Fungicide application timing for the control of Stemphylium leaf blight of onion. S. STRICKER, B. D. GOSSEN AND M. R. MCDONALD. Department of Plant Agriculture, University of Guelph, 50 Stone Road East, Guelph, ON N1G 2W1, Canada; and (B.D.G.) Saskatoon Research and Development Centre, Agriculture and Agri-Food Canada, 107 Science Place, Saskatoon, SK S7N 0X2, Canada
Stemphylium leaf blight of onion, caused by Stemphylium vesicarium (Wallr.) Simmons, can cause severe defoliation and lead to small, unmarketable bulbs.

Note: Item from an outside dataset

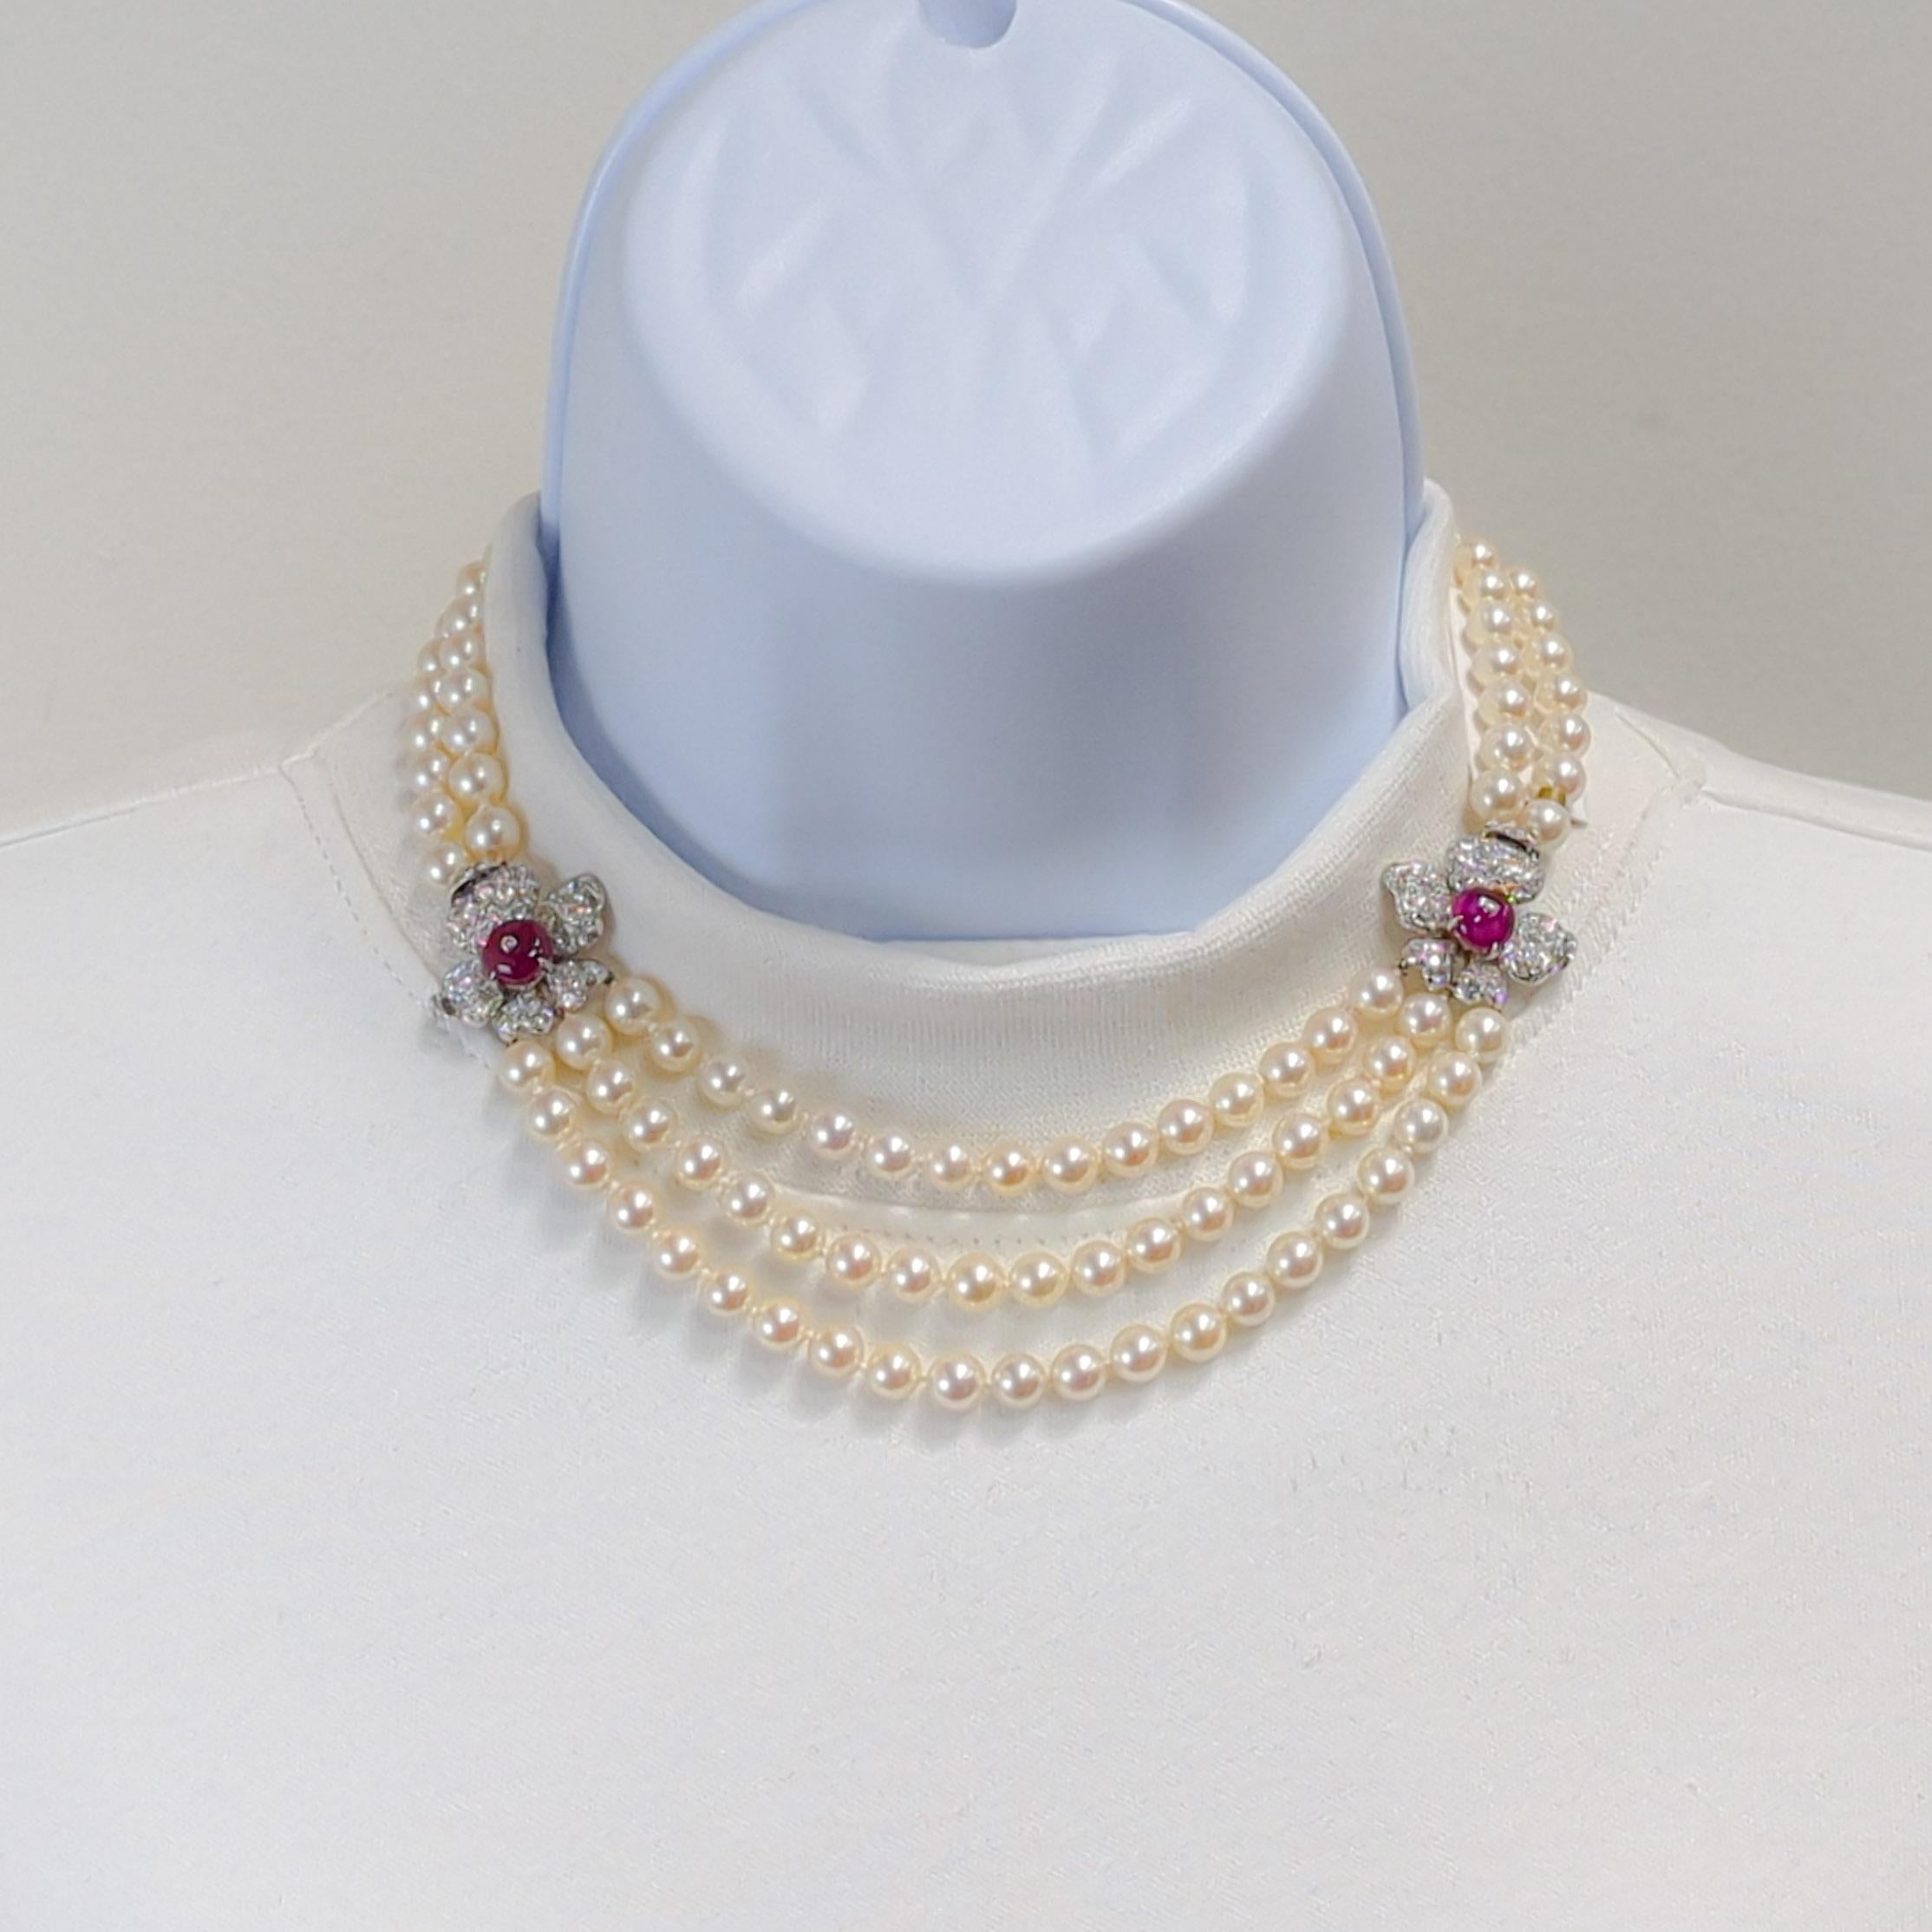 Gorgeous estate Marianne Ostier white pearl necklace with AGL certified unheated Burmese ruby rounds and good quality white diamond rounds.  Handmade in platinum with great attention to detail.  Length is 16

Growers typically use a calendar-based schedule to apply fungicides, which does not depend on weather conditions or pathogen biology. This can result in more applications than necessary, which increases both input costs and the risk of fungicide insensitivity. A field trial of onion cv. LaSalle was established on a high organic soil at the Muck Crops Research Station, King, Ontario, to evaluate the efficacy of seven fungicide-timing treatments compared with a non-treated check. The treatments consisted of two pelleted fungicide seed treatments (Ergol Prime (penflufen) or Dynasty (azoxystrobin)) followed by sprays every 7–10 days, weekly sprays with two starting dates (2-leaf or 4-leaf growth stage), a mineral oil drench at emergence followed by weekly sprays, and two forecasting models (slightly modified versions of TOMcast or BSPcast). The foliar fungicide treatment was Quadris Top (difenoconazole + azoxystrobin) alternated with Luna Tranquility (fluopyram + pyrimethanil). The weekly schedules resulted in five or seven applications of fungicides. Disease pressure in 2018 was high and the forecasting models recommended five applications for TOMcast and six for BSPcast. The forecasting model treatments resulted in comparable disease as the weekly calendar sprays and used slightly less fungicide product. Weekly foliar applications did not suppress blight incidence or severity, but fungicide seed treatment in combination with weekly application reduced foliar symptoms by 20–39% relative to the control.